Show that the curve defined by $$\gamma(s):=\left(a\cos\left(\frac{s}{a}\right),a\sin\left(\frac{s}{a}\right)\right)$$
Is on a circle with the radius $a$ and the center $(0,0)$,also show that $\gamma(s)$ has been parameterized by its arc length.

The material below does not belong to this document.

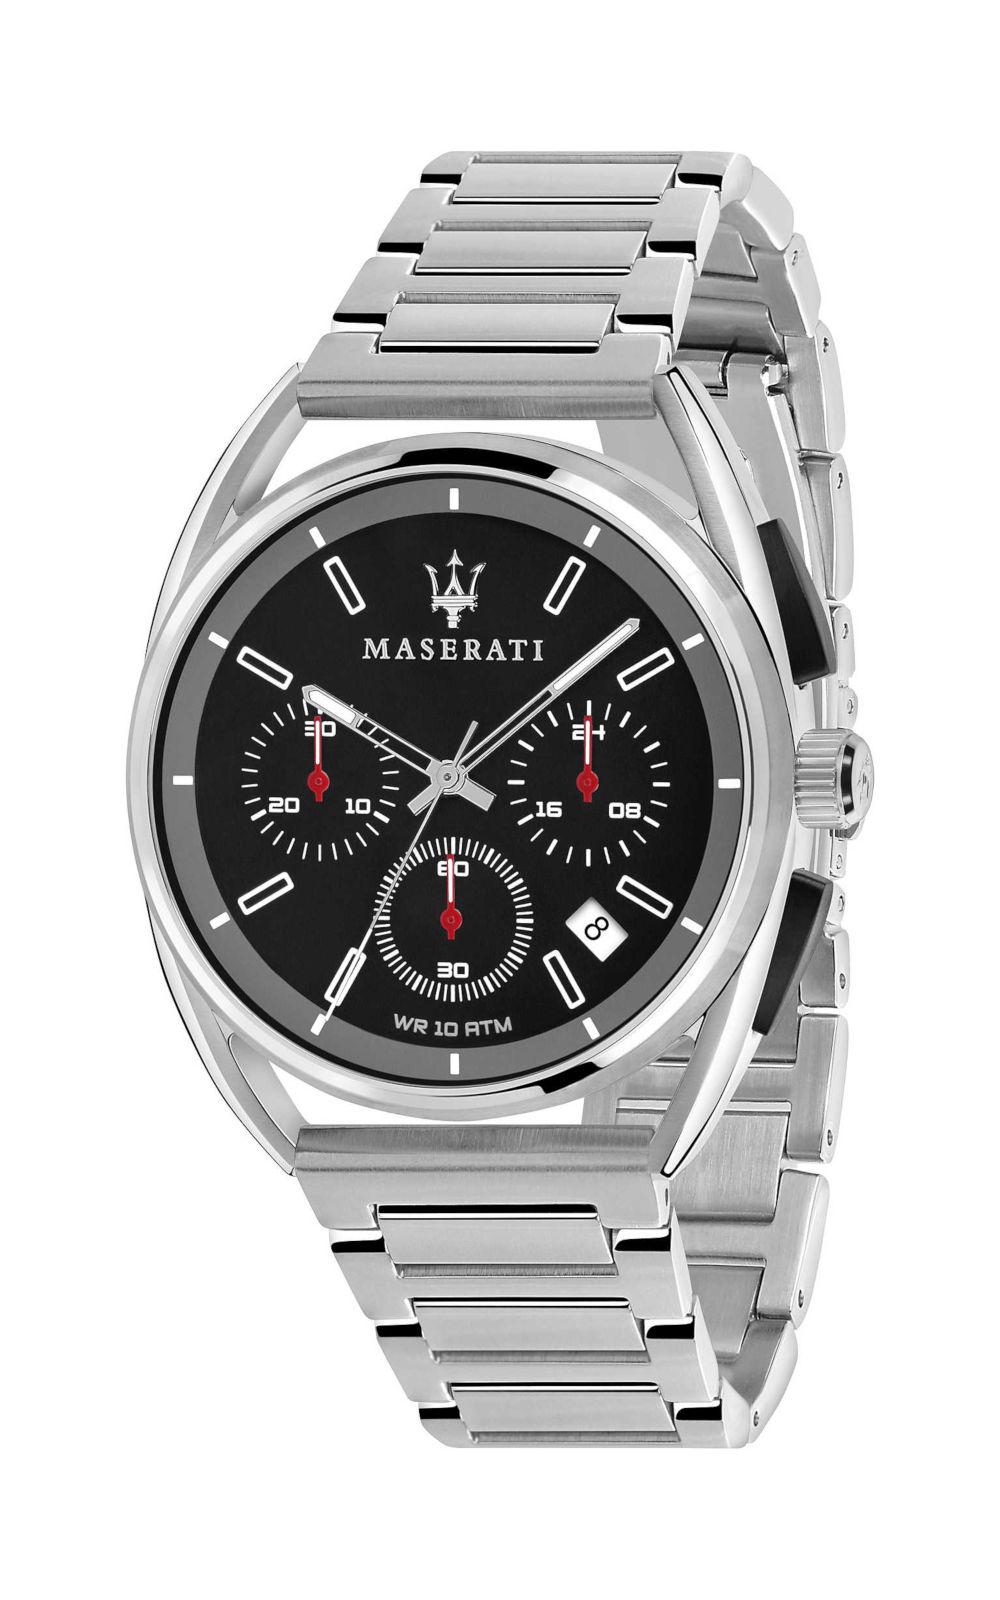 MASERATI TRIMARANO R8873632003 Ανδρικό Ρολόι Quartz Χρονογράφος Ακριβείας 326038ce087

I know that the parametric equation of a circle with radius $a$ and center $(x_0,y_0)$ is : $$x=x_{0}+a\cos\left(t\right)$$ $$y=y_{0}+a\sin\left(t\right)$$ If we denote the parametric equation of a circle with $\gamma(t)=\left(x_{0}+a\cos\left(t\right),y_{0}+a\sin\left(t\right)\right)$,then we have:
$$\frac{d\gamma(t)}{dt}=\left(-a\sin\left(t\right),a\cos\left(t\right)\right)$$
$$\left\Vert \frac{d\gamma(t)}{dt}\right\Vert=\sqrt{a^{2}}=a$$
So the arc length is :
$$s=\int_{0}^{t}\left\Vert \frac{d\gamma(τ)}{dt}\right\Vert dτ=a\int_{0}^{t} \;dτ$$
Which implies $s=at$.
And if we parameterize the circle by its arc length then:
$$\gamma(s)=\left(a\cos\left(\frac{s}{a}\right),a\sin\left(\frac{s}{a}\right)\right)$$
Which is the given parametrization.
But I have not shown that the center is at the origin.
You are given the parametrization in the form $x(s) = a\cos\left(\frac s a\right) = 0 + a\cos\left(\frac s a\right)$, $y(s) = a\sin\left(\frac s a\right)=0 + a\sin\left(\frac s a\right)$. According to what you say you know about parametrizing circles, that $x(t) = x_0 + a\cos(t)$ and $y(t) = y_0 + a\sin(t)$ parametrizes a circle centered at $(x_0,y_0)$, then you should be able to conclude that $s\mapsto \big(x(s),y(s)\big)$ parametrizes a circle centered at $(x_0,y_0) = (0,0)$ of radius $a$.